# What is being asked
Only the pictures are to be dropped; the rest of the data below is to be duplicated exactly.

# Dataset content
=== Section Start ===

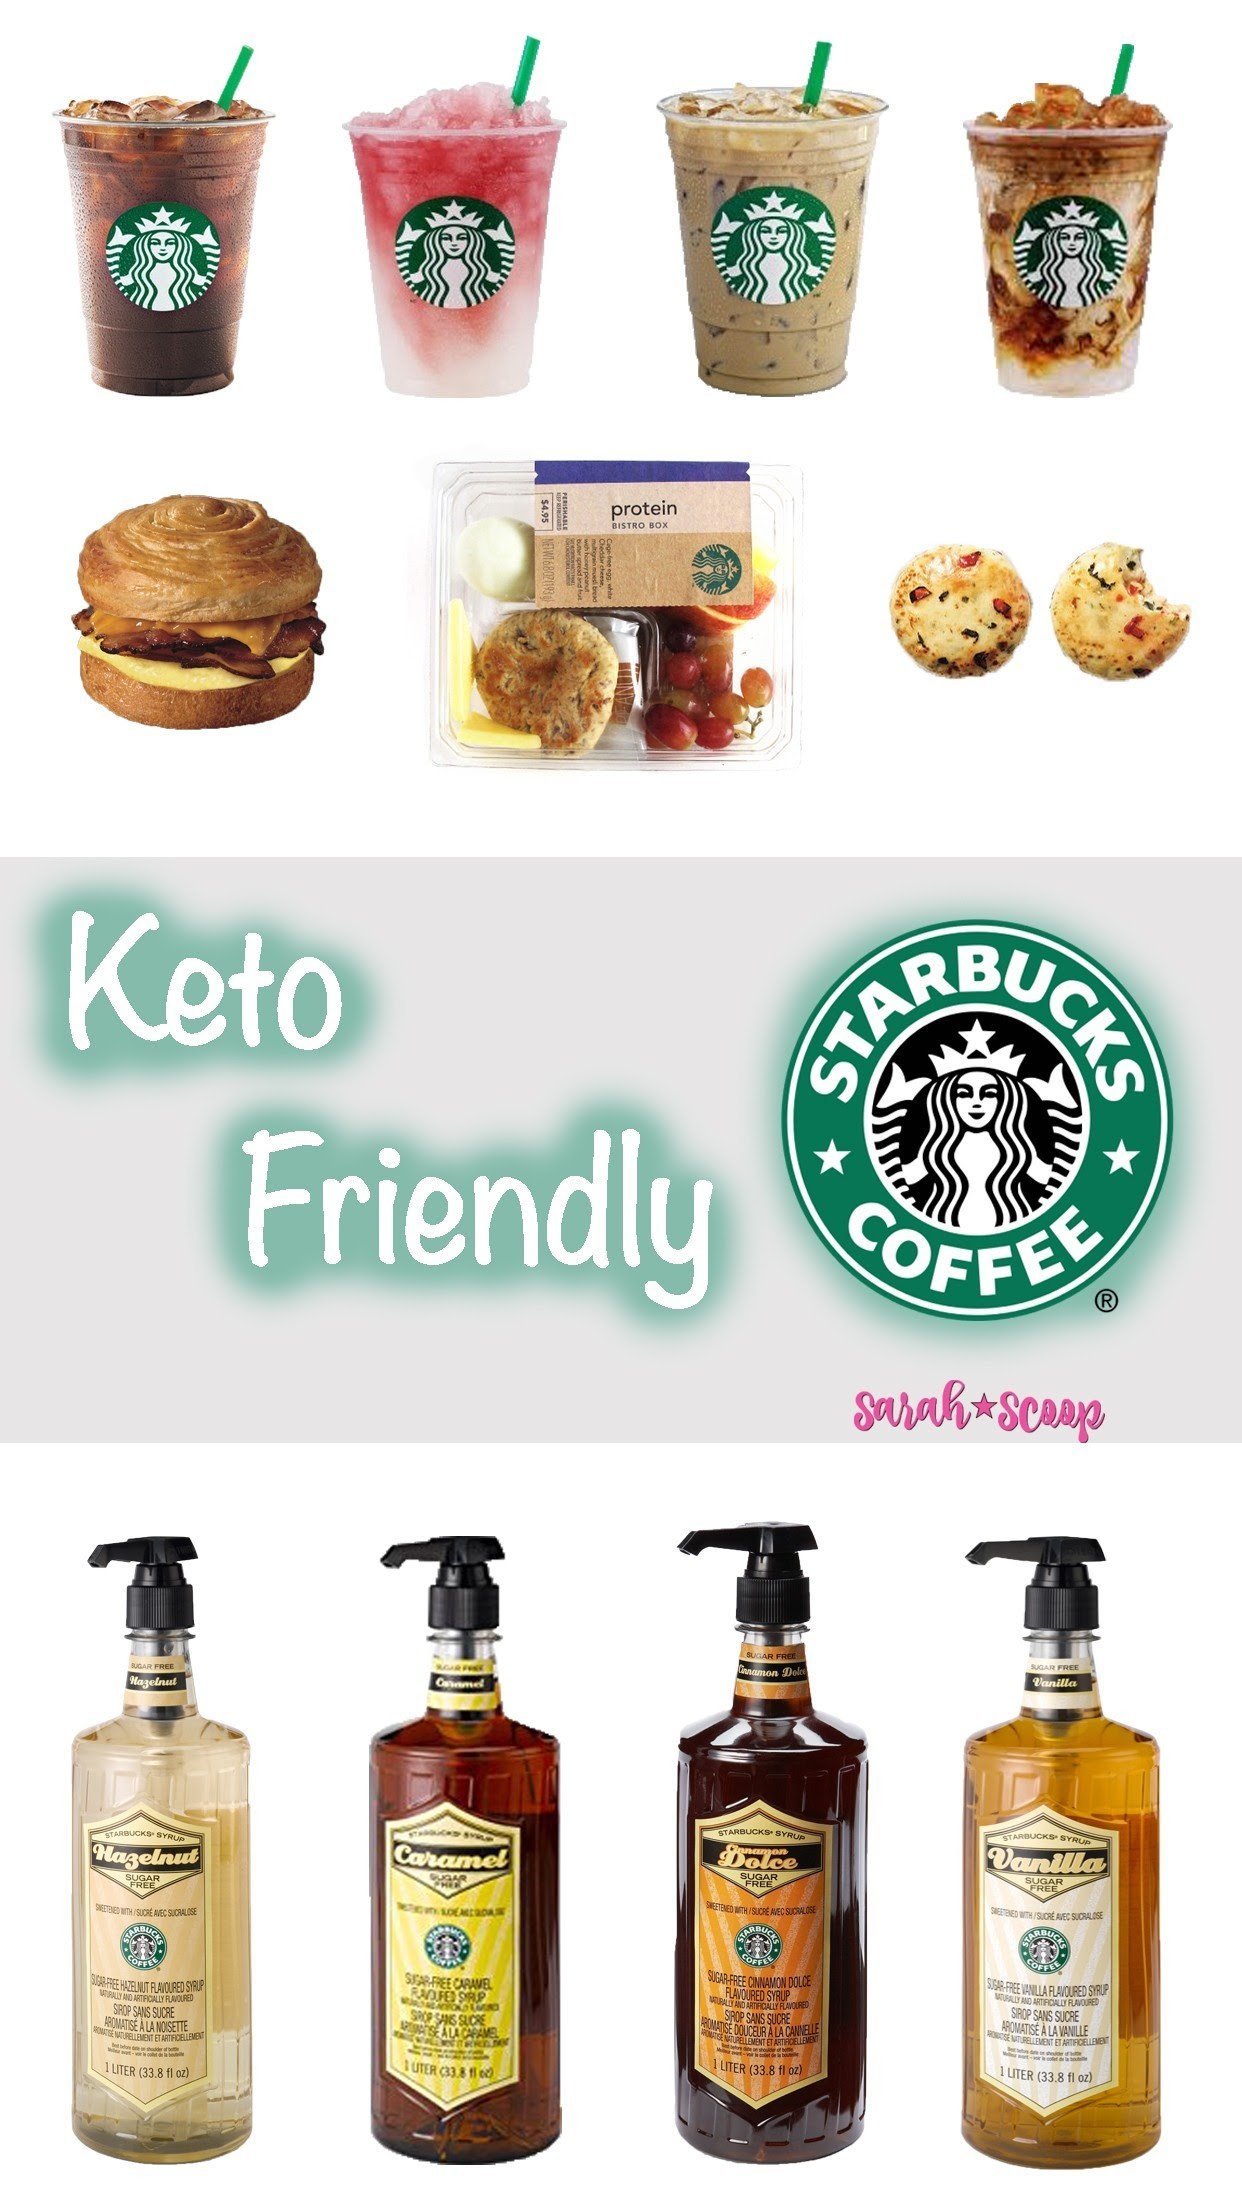 Sugar Free Coffee Creamer Keto - healthy food recipes to
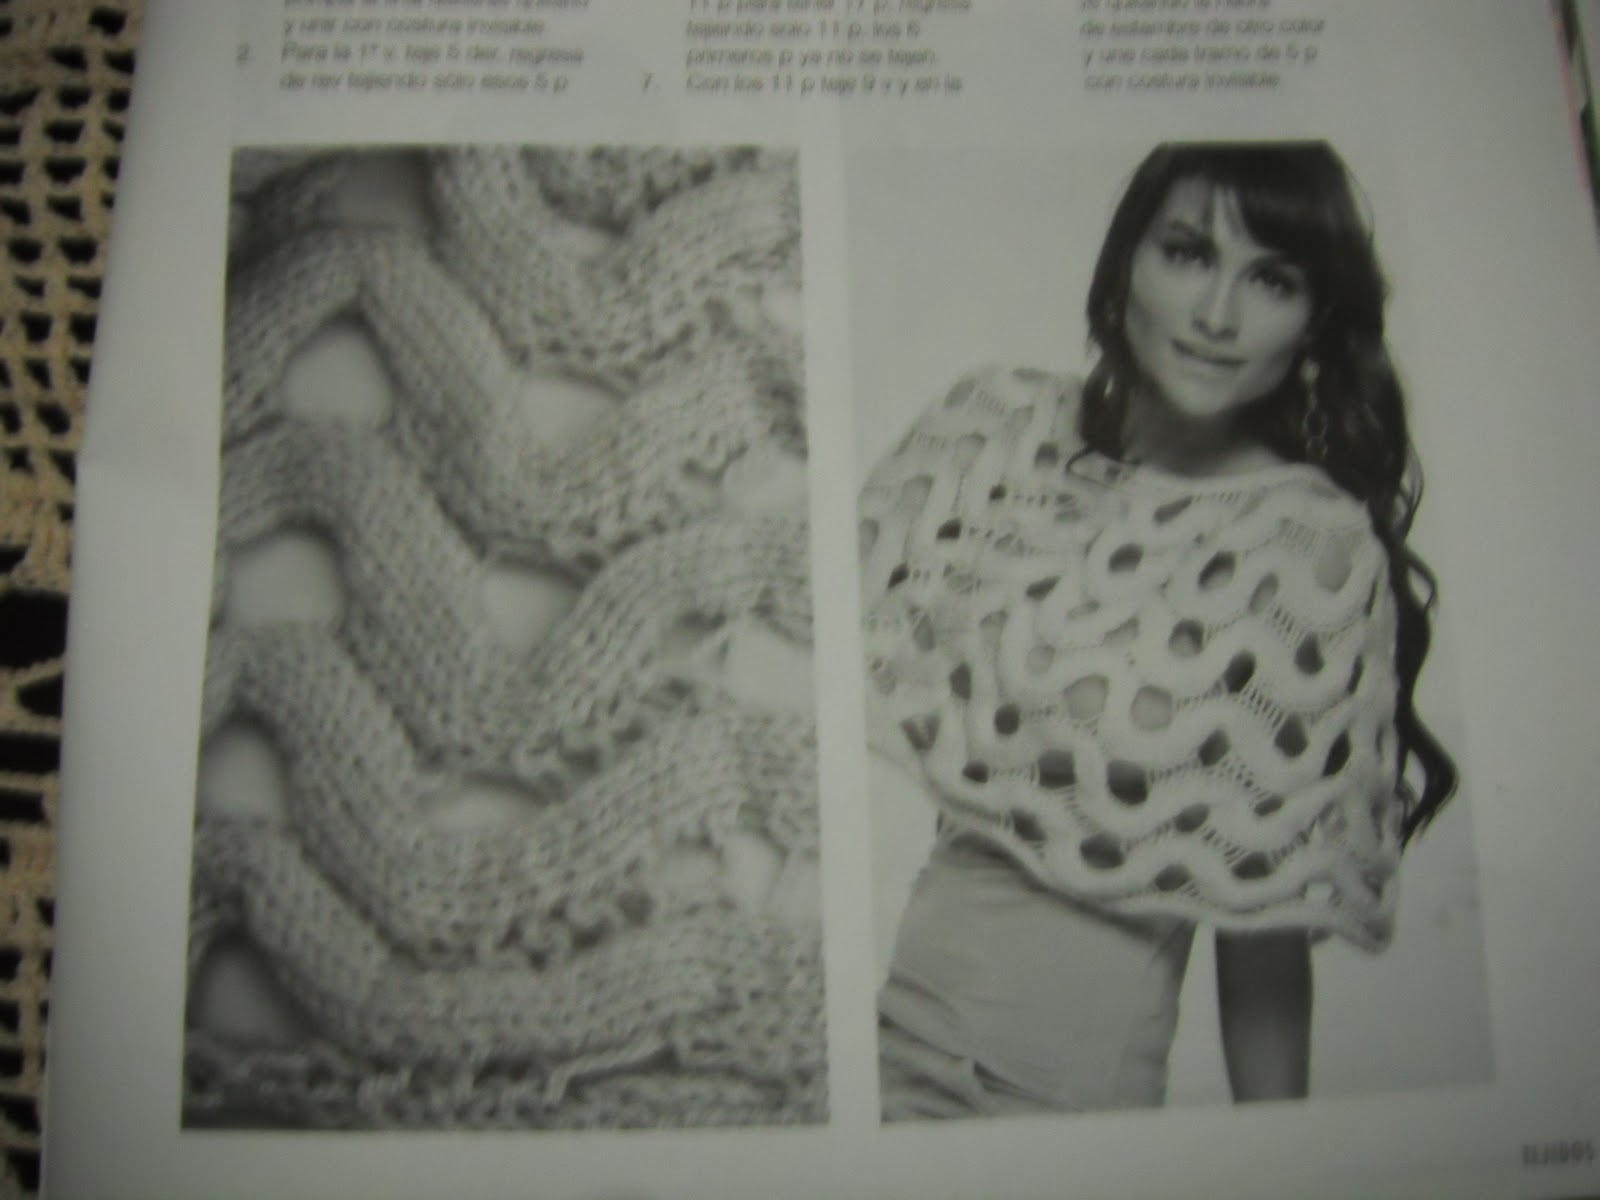 http://2.bp.blogspot.com/-O2Ov7Y0CnOc/ToME_8HBHVI/AAAAAAAASqQ/NNImjljpFUM/s1600/Crochet.%20Knit%20aran.%20026.jpg
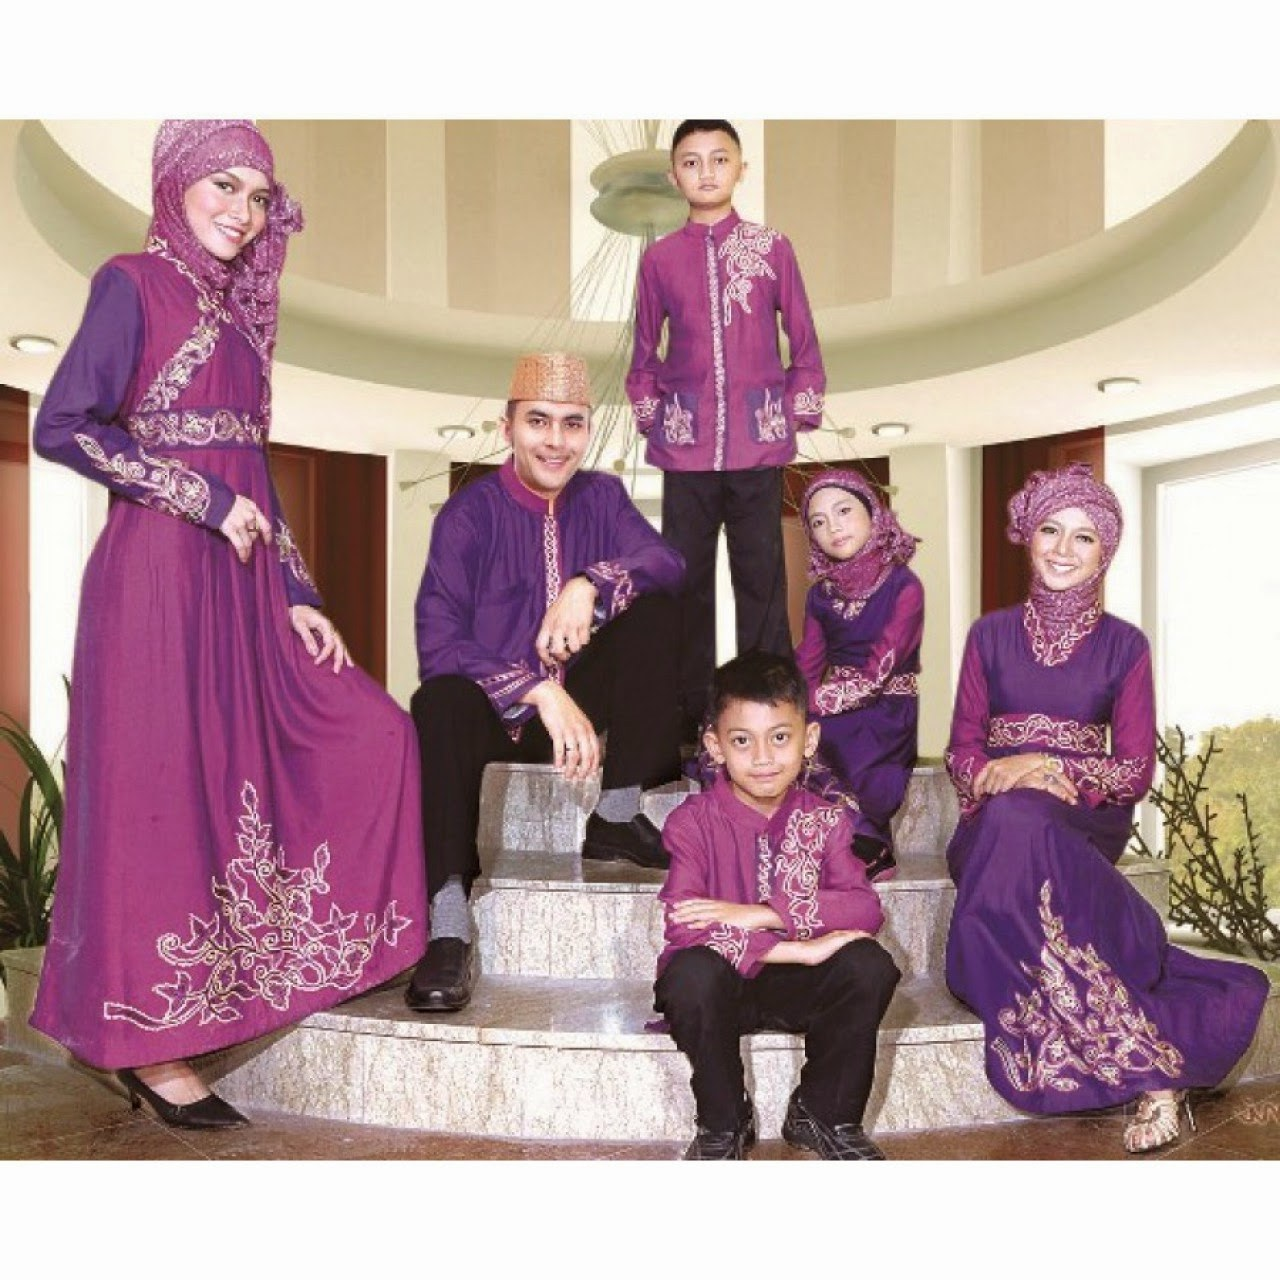 Ide Baju Lebaran Ibu S5d8 Kumpulan Foto Model Baju Kebaya Ibu Dan Anak Trend Baju

=== Section End ===

# Written response
 Sugar Free Coffee Creamer Keto - healthy food recipes to
 http://2.bp.blogspot.com/-O2Ov7Y0CnOc/ToME_8HBHVI/AAAAAAAASqQ/NNImjljpFUM/s1600/Crochet.%20Knit%20aran.%20026.jpg
 Ide Baju Lebaran Ibu S5d8 Kumpulan Foto Model Baju Kebaya Ibu Dan Anak Trend Baju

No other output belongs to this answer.